I like that dusty, maritime region of Europe known as Catalonia, and, in France, Languedoc. Josep Pla is from that area, specifically Ampurdan. His diary from the period at the end of WWI, heavily reworked over the succeeding decades, has just be translated and published by the NYRB. It is a delightful read.
This book is long, and before starting it, I asked myself, “Do I really want to spend this much time in this man’s life?” Almost immediately after starting, I realized that the answer was yes. Here’s a bit from one of his countless arguments in a café:
Literature,” he said, “should be idealistic, delicate, out of the ordinary, It should come from here” — and he placed his hand over the heart.
“And why must literature be like that?” I asked.
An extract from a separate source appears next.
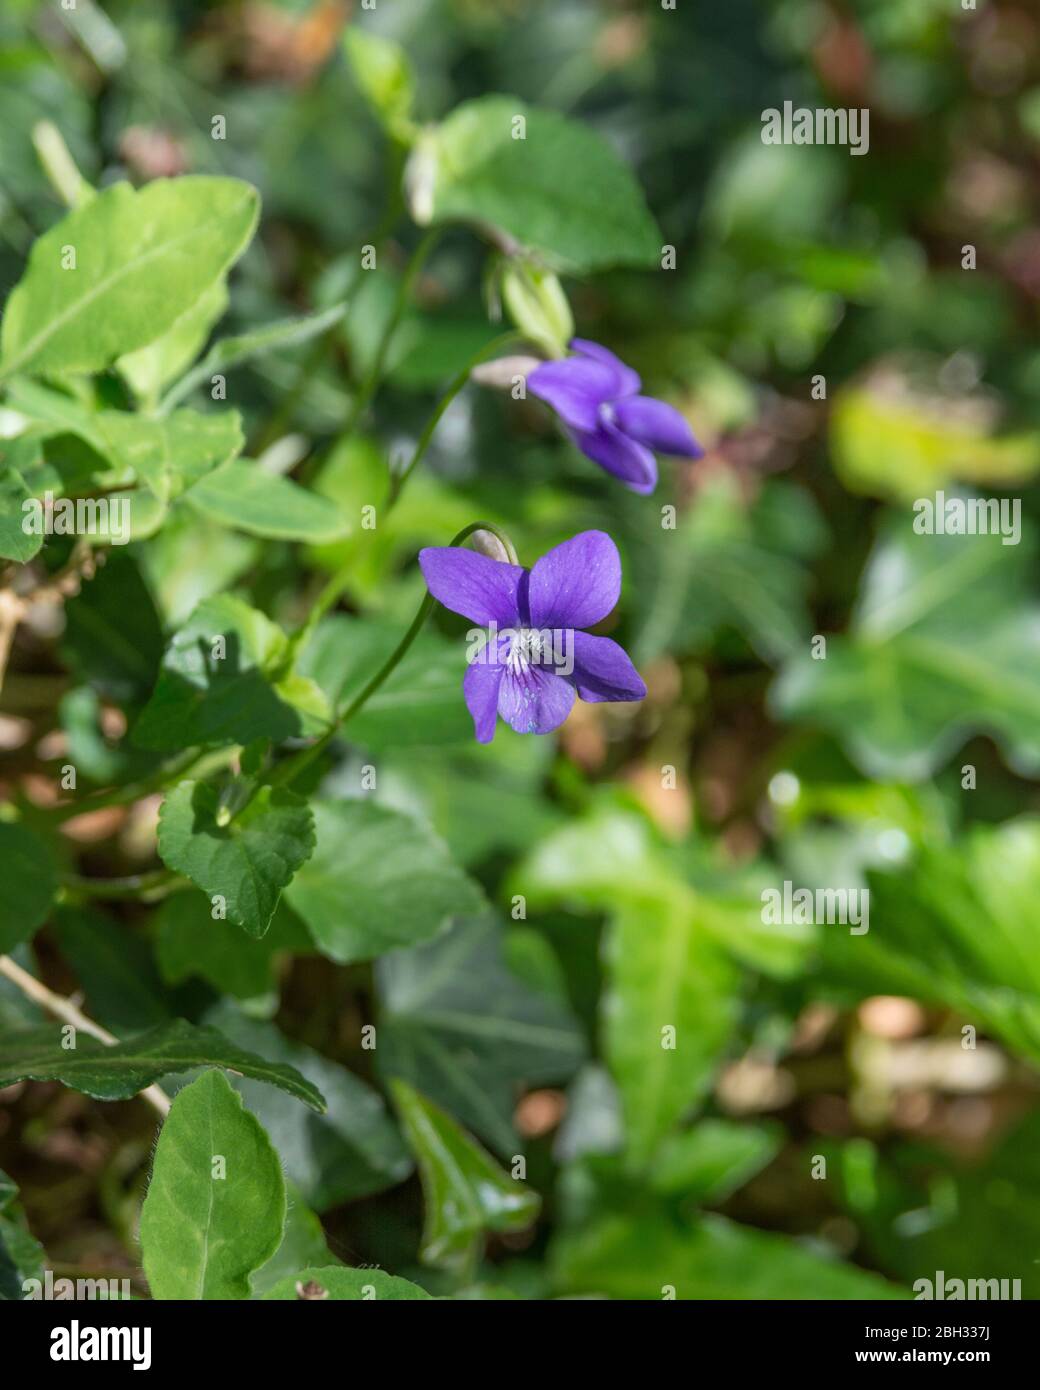 Flower and leaves of Dog Violet / Viola riviniana in Spring sunshine. Violet was a medicinal plant once used in herbal remedies. Stock Photo

“Because literature is for moments when there is nothing to do, when nothing is pressing, the only time there’s a vague possibility that people might want to curl up with a book. Man wasn’t brought into the world to read books. Make no mistake…the single serious problem we face in this world is how to get by, that is how to earn or spend money. Men and women devote ninety-eight percent of their conscious life to that. And that’s probably an understatement. So, literature will always be a Sunday-afternoon activity, a moment on the day in the week when maybe — and this was truer years ago, since nowadays people to the movies — maybe they’ll feel like some distraction from their abiding obsessions. And you expect them to pine for your raw, spare, realist fiction? Why? They’ve already had more than their fill of your real life. Your kind of literature is redundant, flat–footed, commonplace, blindingly obvious.”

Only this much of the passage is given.